Scottish Water’s cost cutting dampens employees’ spirits

Scottish Water has embarked on its most controversial cost saving initiative
yet, as it harmonises pay and conditions across its 4,700-strong workforce.

However, the move has already drawn criticism from angry employees who feel
the organisation is ignoring staff in a bid to hit huge cost savings and
efficiency targets set by the Scottish Executive.

In a memo sent to Personnel Today by a worker at Scottish Water, the Unison
union sets out a new salary structure in which pay is re-graded into six bands.

The source claims the changes are a breach of TUPE staff transfer
regulations, which state that employees’ salaries are protected for five years
if they are transferred from one public organisation to another.

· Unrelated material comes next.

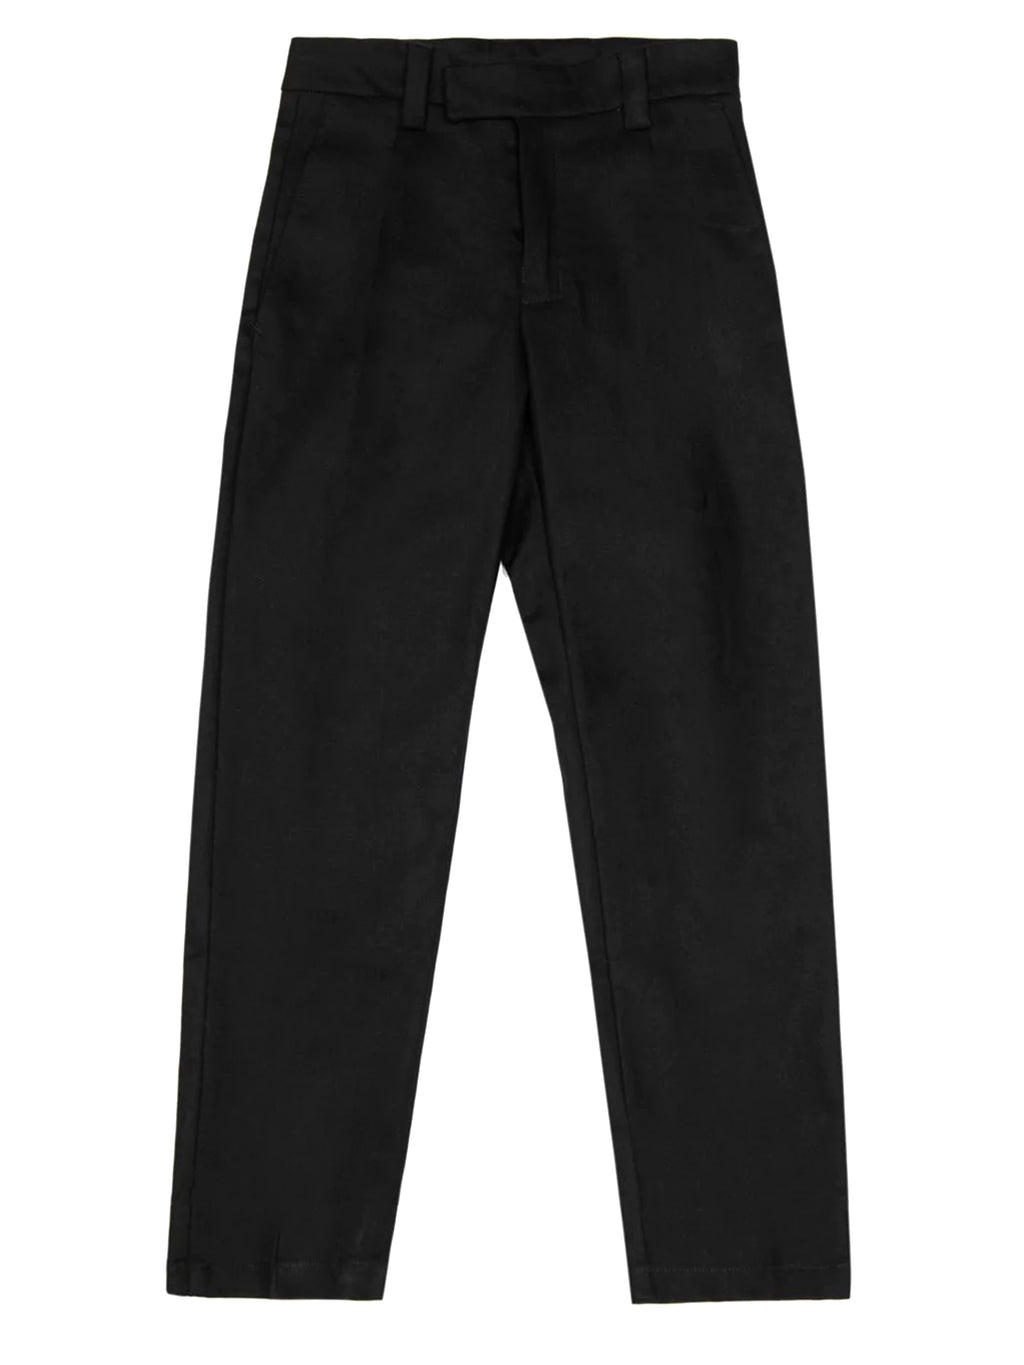 100% Heavyweight Cotton Twill Pants - WELCOME RIVERS

The worker said that the salary changes would affect staff pensions and
National Insurance contributions, as well as their ability to pay their

In Scottish Water’s defence, HR director Paul Pagliari said that it was
vital to harmonise salaries and conditions, such as overtime payments and
holiday entitlements, because the organisation had been created by merging
three separate bodies. He said current pay and conditions were "all over
the place", which was causing anxiety among staff.

He said it was "blatant nonsense" that the changes would
contravene TUPE, and added they were formed by a staff council involving three
unions and workers from all company sections.

He also acknowledged that the initiative would lead to large savings for the
publicly-owned body, which has been ordered by the Scottish Parliament to cut
£1.45m from its operating expenditure before 2006.

This was based on the organisation’s promise to invest £2.3bn on improved services,
despite inheriting a capital budget of £1.8bn. Pagliari added that the
regulator’s orders would mean cuts in people costs of around £70m by 2005/6.